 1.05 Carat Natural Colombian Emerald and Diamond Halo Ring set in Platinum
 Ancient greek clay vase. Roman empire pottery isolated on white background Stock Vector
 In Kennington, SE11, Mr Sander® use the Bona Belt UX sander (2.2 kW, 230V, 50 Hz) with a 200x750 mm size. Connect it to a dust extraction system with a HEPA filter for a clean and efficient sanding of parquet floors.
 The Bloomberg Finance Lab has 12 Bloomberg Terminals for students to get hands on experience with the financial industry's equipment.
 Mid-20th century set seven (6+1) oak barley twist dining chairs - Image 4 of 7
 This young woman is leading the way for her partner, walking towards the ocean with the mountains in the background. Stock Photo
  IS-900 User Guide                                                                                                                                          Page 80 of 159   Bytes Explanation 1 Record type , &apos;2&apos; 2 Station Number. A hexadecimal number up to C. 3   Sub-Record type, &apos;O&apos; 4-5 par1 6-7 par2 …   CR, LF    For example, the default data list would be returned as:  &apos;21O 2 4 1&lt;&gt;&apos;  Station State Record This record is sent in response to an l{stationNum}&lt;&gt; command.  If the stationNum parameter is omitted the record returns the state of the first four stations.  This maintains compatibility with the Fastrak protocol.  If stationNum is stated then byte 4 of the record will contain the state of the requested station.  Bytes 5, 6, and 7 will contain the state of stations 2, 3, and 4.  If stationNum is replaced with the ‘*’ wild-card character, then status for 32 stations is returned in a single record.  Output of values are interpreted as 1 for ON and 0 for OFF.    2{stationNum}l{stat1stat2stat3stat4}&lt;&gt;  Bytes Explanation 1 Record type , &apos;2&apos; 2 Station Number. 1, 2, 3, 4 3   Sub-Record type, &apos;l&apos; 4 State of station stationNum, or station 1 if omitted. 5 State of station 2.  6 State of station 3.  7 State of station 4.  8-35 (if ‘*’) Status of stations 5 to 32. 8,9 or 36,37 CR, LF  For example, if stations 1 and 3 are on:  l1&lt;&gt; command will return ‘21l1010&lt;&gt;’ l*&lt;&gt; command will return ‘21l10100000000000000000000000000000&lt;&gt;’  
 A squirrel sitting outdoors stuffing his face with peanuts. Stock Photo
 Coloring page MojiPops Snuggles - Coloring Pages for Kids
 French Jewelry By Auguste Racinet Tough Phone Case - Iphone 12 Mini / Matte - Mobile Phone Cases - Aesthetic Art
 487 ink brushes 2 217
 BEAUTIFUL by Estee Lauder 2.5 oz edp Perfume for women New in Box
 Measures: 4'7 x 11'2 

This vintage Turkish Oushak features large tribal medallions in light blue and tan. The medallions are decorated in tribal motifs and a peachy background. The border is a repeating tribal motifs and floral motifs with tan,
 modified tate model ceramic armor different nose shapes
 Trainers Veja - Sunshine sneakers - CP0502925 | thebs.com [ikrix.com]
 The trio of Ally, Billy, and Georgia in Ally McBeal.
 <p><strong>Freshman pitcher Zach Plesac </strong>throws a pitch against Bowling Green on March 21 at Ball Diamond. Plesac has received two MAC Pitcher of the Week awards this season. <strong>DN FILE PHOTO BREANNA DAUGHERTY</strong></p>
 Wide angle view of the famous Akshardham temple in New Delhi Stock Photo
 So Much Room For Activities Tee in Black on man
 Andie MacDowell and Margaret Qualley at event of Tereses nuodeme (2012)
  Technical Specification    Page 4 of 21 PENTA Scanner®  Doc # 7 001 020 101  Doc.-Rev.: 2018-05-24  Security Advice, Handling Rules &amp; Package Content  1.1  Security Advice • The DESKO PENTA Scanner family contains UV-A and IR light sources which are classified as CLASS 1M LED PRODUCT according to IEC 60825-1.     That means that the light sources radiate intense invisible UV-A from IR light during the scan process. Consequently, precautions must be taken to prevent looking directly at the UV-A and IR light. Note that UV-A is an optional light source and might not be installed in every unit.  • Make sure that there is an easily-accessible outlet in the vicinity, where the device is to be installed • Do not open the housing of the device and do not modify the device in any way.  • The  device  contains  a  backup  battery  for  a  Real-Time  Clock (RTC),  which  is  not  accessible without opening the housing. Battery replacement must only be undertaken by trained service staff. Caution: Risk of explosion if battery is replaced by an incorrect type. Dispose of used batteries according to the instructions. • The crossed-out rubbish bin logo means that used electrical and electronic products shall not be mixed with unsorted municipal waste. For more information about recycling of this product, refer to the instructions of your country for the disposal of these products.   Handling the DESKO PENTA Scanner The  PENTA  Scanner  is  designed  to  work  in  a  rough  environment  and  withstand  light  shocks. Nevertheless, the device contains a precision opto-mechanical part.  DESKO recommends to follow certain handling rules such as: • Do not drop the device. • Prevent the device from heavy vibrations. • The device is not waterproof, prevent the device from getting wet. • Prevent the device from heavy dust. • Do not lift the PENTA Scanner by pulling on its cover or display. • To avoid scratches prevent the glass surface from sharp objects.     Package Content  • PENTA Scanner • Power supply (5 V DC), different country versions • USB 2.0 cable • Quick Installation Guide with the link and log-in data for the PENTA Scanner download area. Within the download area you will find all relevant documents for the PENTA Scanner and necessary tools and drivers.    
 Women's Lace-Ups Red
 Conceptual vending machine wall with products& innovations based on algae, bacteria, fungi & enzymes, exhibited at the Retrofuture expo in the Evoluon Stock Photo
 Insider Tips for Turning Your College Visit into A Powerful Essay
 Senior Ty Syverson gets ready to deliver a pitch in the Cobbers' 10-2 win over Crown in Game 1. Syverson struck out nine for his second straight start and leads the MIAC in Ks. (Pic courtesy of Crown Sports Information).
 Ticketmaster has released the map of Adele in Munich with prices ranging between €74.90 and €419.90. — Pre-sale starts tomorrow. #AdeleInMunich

- **What is being asked**: From the line containing "Senior Ty Syverson" down to the last line of the data, transcribe every line exactly; nothing else should appear.

- **Answer to the exercise**:
 Senior Ty Syverson gets ready to deliver a pitch in the Cobbers' 10-2 win over Crown in Game 1. Syverson struck out nine for his second straight start and leads the MIAC in Ks. (Pic courtesy of Crown Sports Information).
 Ticketmaster has released the map of Adele in Munich with prices ranging between €74.90 and €419.90. — Pre-sale starts tomorrow. #AdeleInMunich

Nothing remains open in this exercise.